03/28/2006 - Why aren't Americans happier about their economy? As Pew and other surveys continue to show, public sentiments about the economy remain far gloomier than at the start of the century, when seven-in-ten Americans (71%) told a January 2000 Gallup poll that they judged economic conditions in the country to be good or excellent. In contrast, at the start of 2006 just 34% of the public offered such a positive view of the national economy.
Analyses of Pew surveys have shown that, in contrast to the 1990's, a huge partisan gap now divides Americans in their judgments of the national economy. Over the past five years, Republicans, Democrats and independents have looked at the same economic landscape, yet they come to different conclusions. Most Republicans see a rosy picture; Democrats and, increasingly independents, take a darker view of the economy generally, and, particularly, of the economy's most salient signal - jobs.

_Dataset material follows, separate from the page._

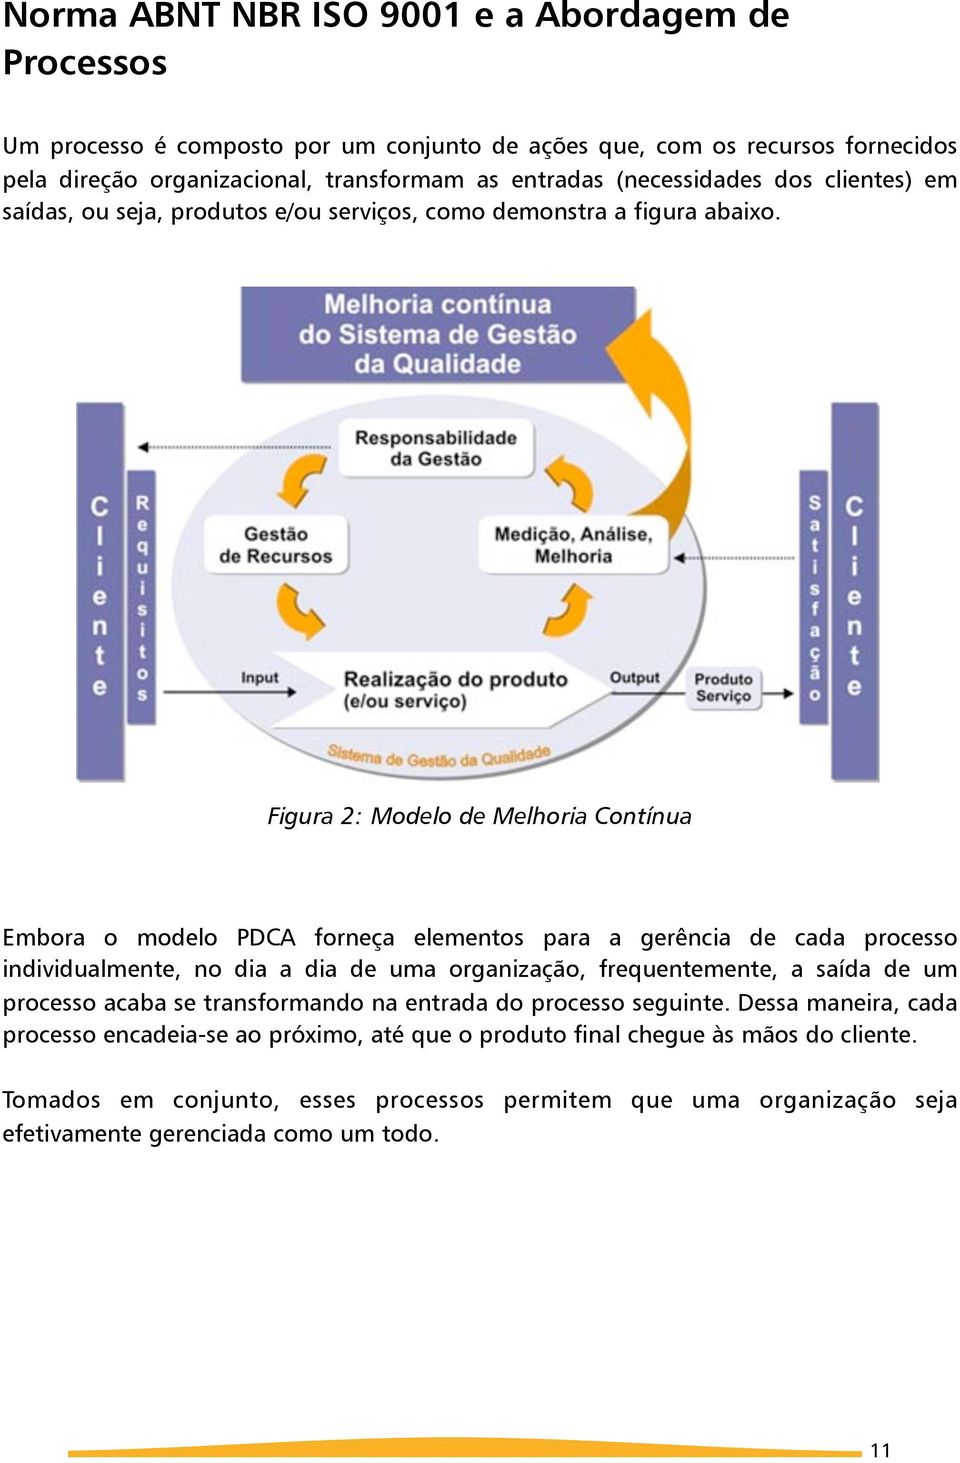 Figura 2: Modelo de Melhoria Contínua Embora o modelo PDCA forneça elementos para a gerência de cada processo individualmente, no dia a dia de uma organização, frequentemente, a saída de um

One explanation for such an extraordinary disparity is that steadfast Republican support of President Bush and his policies carries over into judgments about the larger economy, while staunch and growing opposition to Bush among Democrats leads to a gloomy view of the economy. Still, it seems unlikely that partisanship would suddenly emerge as the single most important correlate of confidence in the nation's economy. Other presidents, Clinton in particular, have also engendered strong partisan responses, but the evidence shows little hint of disparate partisan views of the economy as a consequence.